# Tomorrowland - Home of the Young Fart's Club



## Dr. Green Fang (Mar 15, 2015)

Heya! -- I'm a young fart and I was wondering if there are other young farts out there. (40 or younger) 

Hey, the old peeps have one, why not the young ones? 

.....wait.....I think I'm one of the only young ones around here...

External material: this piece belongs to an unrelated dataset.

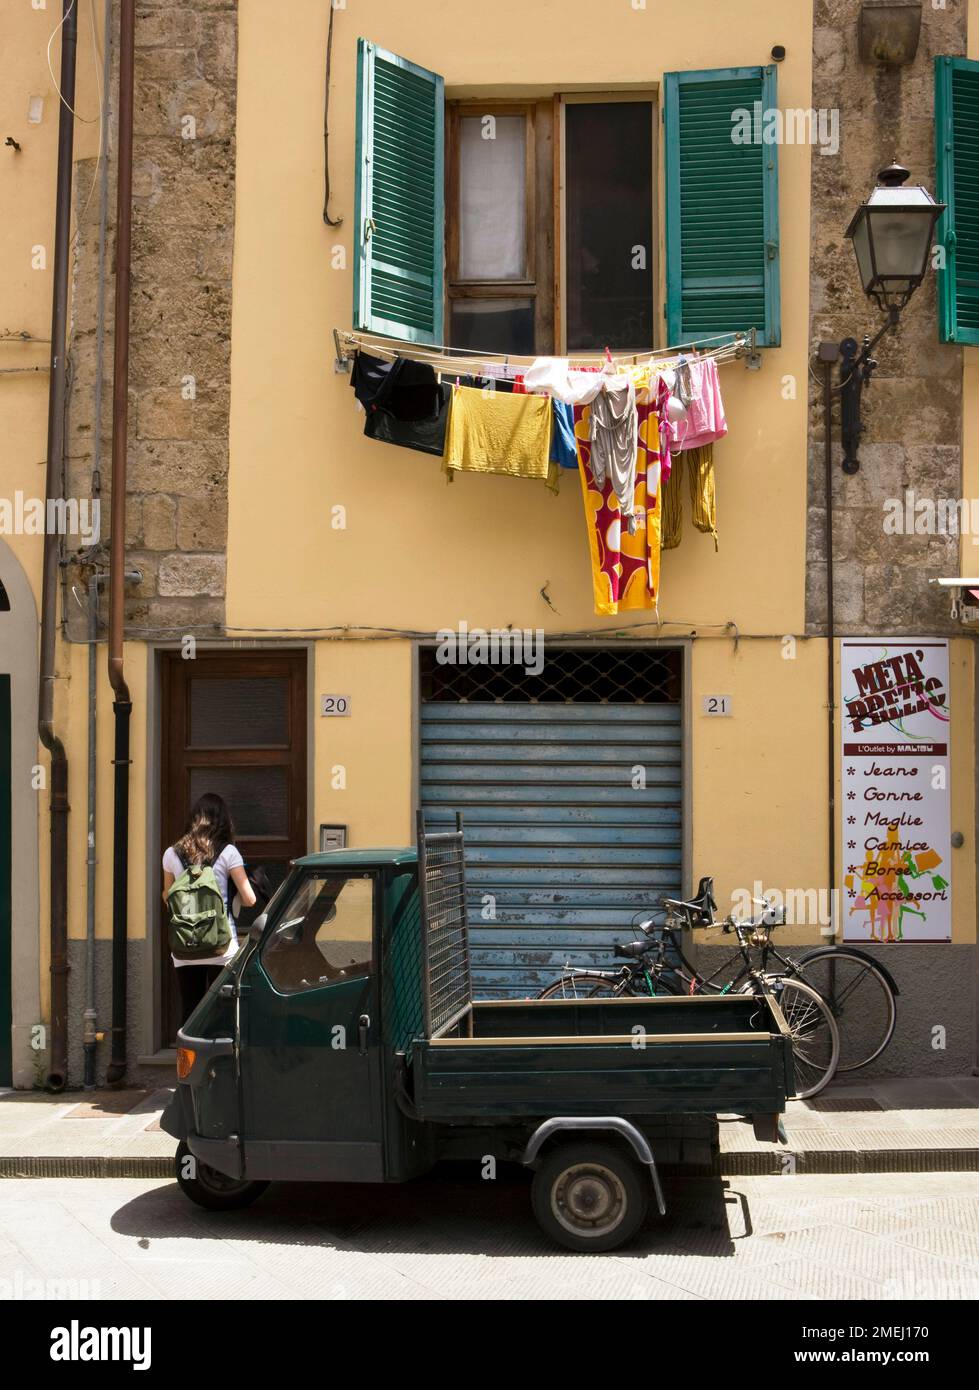 Laundry drying in a back street in Pisa Stock Photo

WOO HOO, my own thread, where I get to talk to myself!!


----------



## Dr. Green Fang (Mar 15, 2015)

(sorry all.. super medicated this morning, and I think it's showing from my postings)


----------



## Dr. Green Fang (Mar 15, 2015)

:vap_bong__emoticon: :vap-bobby_on_the_be: :smoke1: :joint: :laugh:


----------



## ston-loc (Mar 15, 2015)

Working my way Doc :fly: 33 over here :rofl:


----------



## Dr. Green Fang (Mar 15, 2015)

32 here


----------



## Dr. Green Fang (Mar 16, 2015)

Well then... 5 inches of snow it is I guess. Time to snowblow. I thought I was done doing that this year. 

Good morning all.. or myself. Whoever is listening...which is myself. And Ston-Loc :ciao: Time for a bowl


----------



## yooper420 (Mar 16, 2015)

How about an old fart (67) who`s young at heart ? He, he, he.


----------



## Dr. Green Fang (Mar 16, 2015)

Hah, honestly, I just did this thread for a bit of a laugh  All are welcome... or it can be closed, LOL!


----------



## P Jammers (Mar 16, 2015)




----------



## yooper420 (Mar 16, 2015)

Dr. Green Fang said:


> Hah, honestly, I just did this thread for a bit of a laugh  All are welcome... or it can be closed, LOL!


 

Laugh ? Me too !!!! Gotta laugh.


----------



## WeedHopper (Mar 16, 2015)

My old ace is here,,what ya goona do about it youngsters? He he. ,,,,young wipper snappers. Lol


----------



## Rosebud (Mar 16, 2015)

LOL WH! punks. lol


----------



## Keef (Mar 16, 2015)

Not trying to invade the youngsters turf !- Just wanted to stop by and say hello from the O.F.C. !-- I hope U guys have as much fun as we do !-- Wake and Bake -  Show and Tell - it''s all good !


----------



## Dr. Green Fang (Mar 16, 2015)

Think of this as a place for even the old folk to "be" young.  Love to have any and all convo kickin' around, certainly!


----------



## Dr. Green Fang (Mar 16, 2015)

Here's a thread I did this morning about nice looking snowy trees. I dunno, I like them!  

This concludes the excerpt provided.